1432/2010-R, de 27 de septiembre
Fecha: 14-Dic-2010
II.3. Análisis del caso concreto
En el presente caso, la accionante al interponer la acción tutelar, en forma expresa señaló la obligación del Tribunal de alzada no sólo de considerar la prueba ofrecida, sino de judicializar la misma en audiencia, pretensión que fue concedida por el fallo objeto de la disidencia, que otorga la tutela solicitada señalando que, era evidente la omisión de valoración de la actividad probatoria en las que habrían incurrido los Vocales demandados, “situación que no ocurrió con el Juez a quo, ante quien si bien no ofreció prueba; empero fallo de acuerdo a los antecedentes procesales” (sic.); sin embargo, a criterio del suscrito Magistrado la pretensión de la accionante y la concesión de la tutela en base a su petitorio, no procedían y no respondían a la naturaleza y alcance de esta acción tutelar protectora de los derechos fundamentales, como se pasa a explicar.
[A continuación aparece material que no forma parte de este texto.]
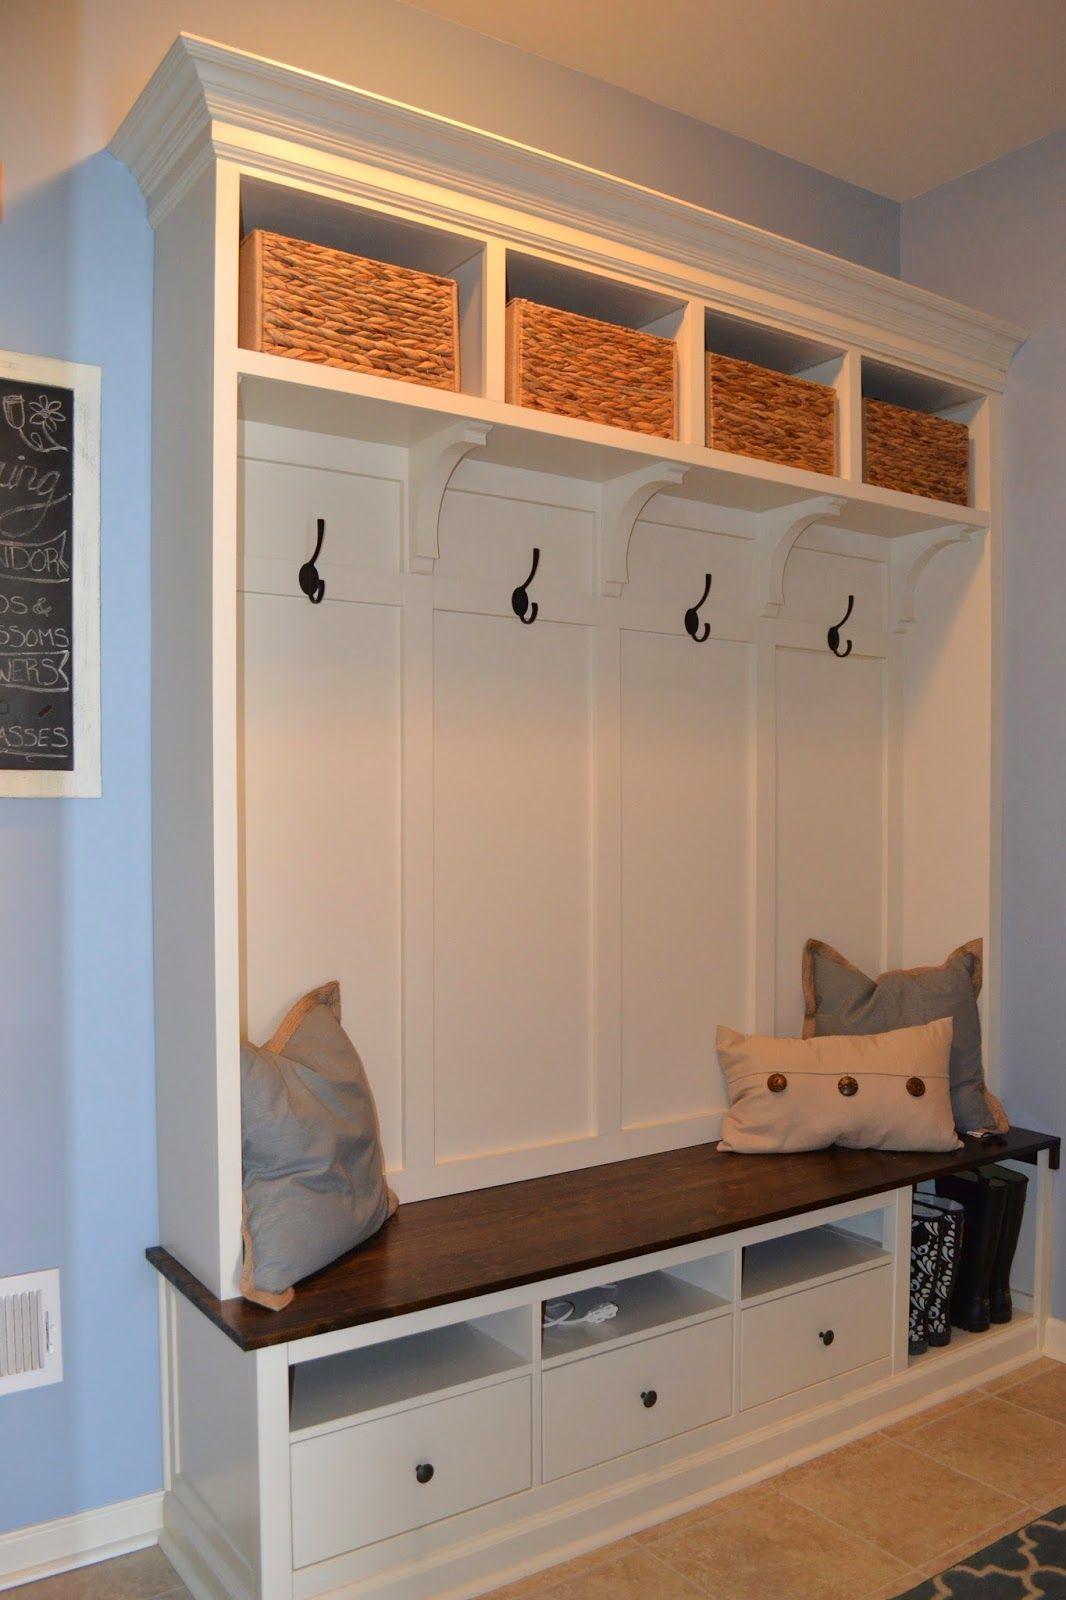 Home Design Plan 10x8m 3 Bedrooms With Interior Design 07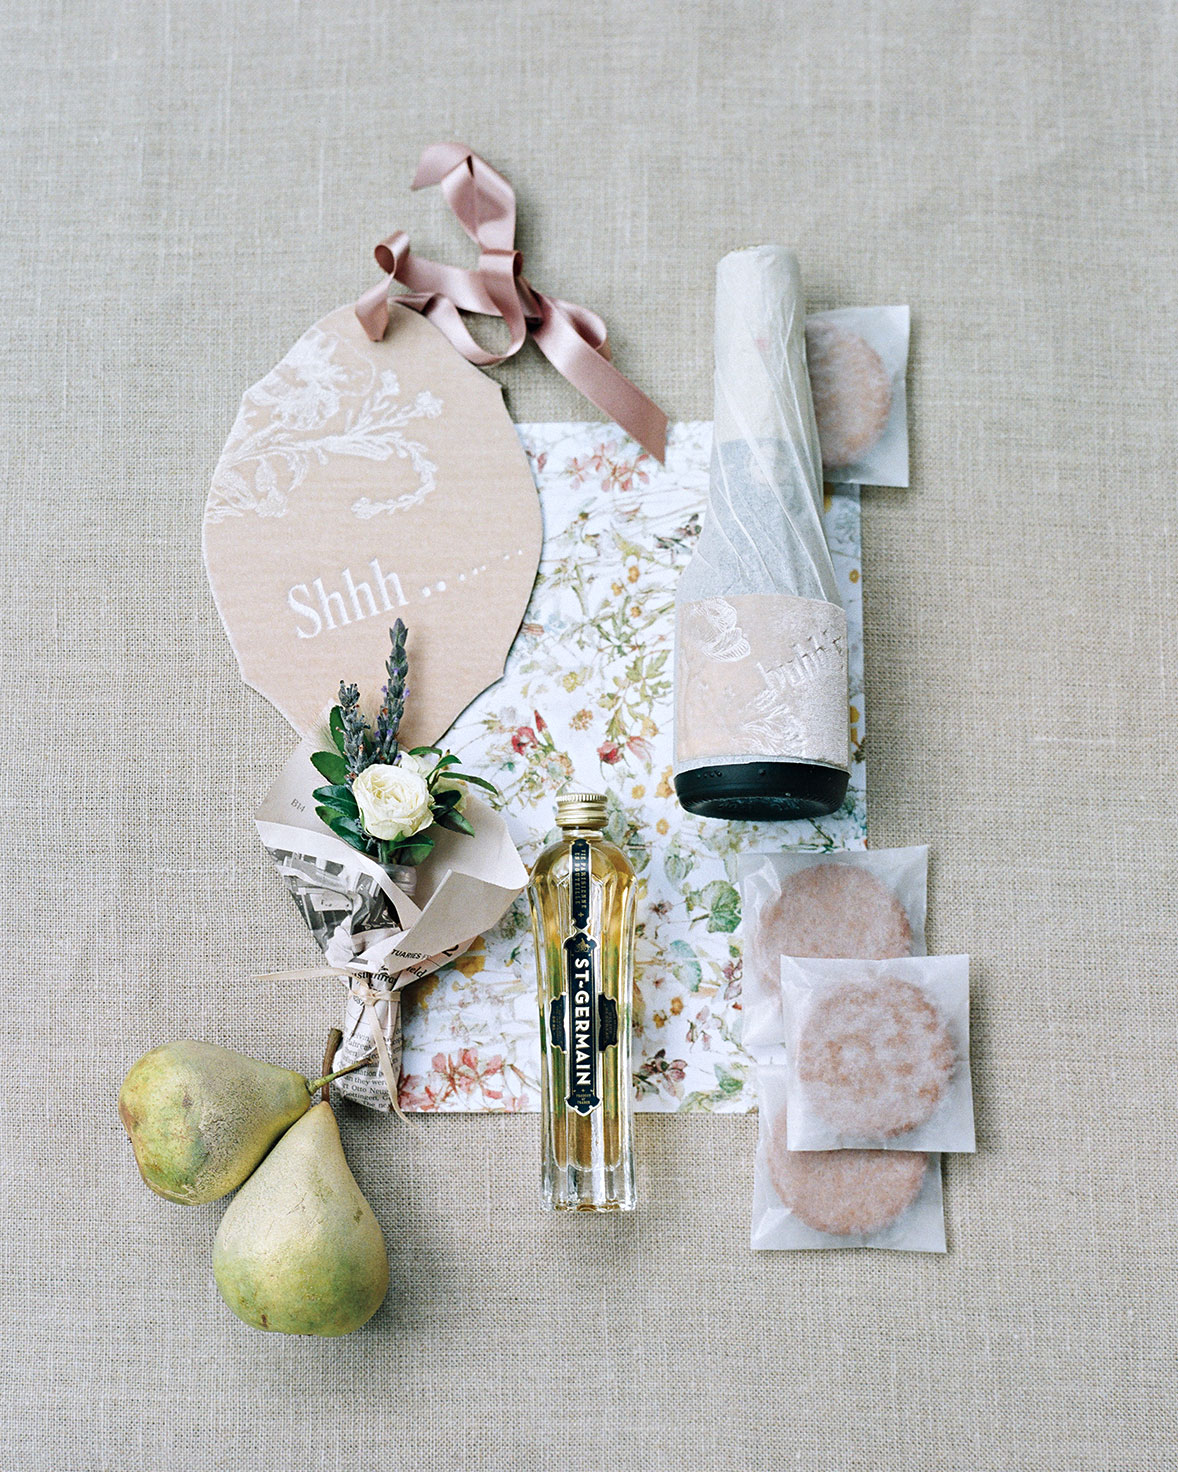 adrienne-jason-wedding-minnesota-welcome-basket-0048-s111925.jpg

Conforme se ha precisado en el fundamento jurídico anterior el recurso de alzada tiene por objeto conocer y resolver los puntos apelados en relación al contenido de la resolución emitida por el Juez de primera instancia, y eventualmente corregir las irregularidades en las que habría incurrido éste al asumir su determinación. En ese orden, en el caso concreto, la prueba aportada por la accionante, debió necesariamente ser presentada al momento de plantear la excepción de prescripción y de ninguna manera introducirla recién en apelación, ya que ello implica que al presentar prueba en segunda instancia, el Tribunal de alzada se encontraba impedido de compulsarla y valorarla, la Resolución de primera instancia se pronunció por el Juez sin conocer ni valorar dicha prueba, conllevando a su vez, la imposibilidad de Tribunal de apelación de señalar audiencia para judicializar la prueba ofrecida, siendo que no la acompañó al momento de interponer la excepción de prescripción, situación ésta reconocida por el mismo fallo constitucional objeto de la disidencia, que expresamente indicó que no se había ofrecido prueba ante el Juez de primera instancia y que éste falló de acuerdo a los antecedentes procesales fundamentando el rechazo de cada una de las excepciones opuestas, lo que confirma la imposibilidad de considerar y menos aún judicializar la prueba ofrecida por la accionante en segunda instancia, siendo que la misma no se presentó al interponer la excepción y por lo igual, el Juez de primera instancia resolvió la prescripción sin conocimiento ni valoración de dicha prueba, por lo que menos podría exigirse al Tribunal de apelación que la considere, su actuación y facultad, -dentro del marco de la naturaleza y alcance del recurso de apelación incidental- le constreñía a revisar la Resolución de primera instancia, ponderar los puntos apelados y compulsar la actuación del Juzgador, para en base a ello confirmar o revocar la determinación asumida, lo que conlleva -se reitera- a la imposibilidad de presentar prueba en segunda instancia, máxime si la misma no se ofreció en primera instancia.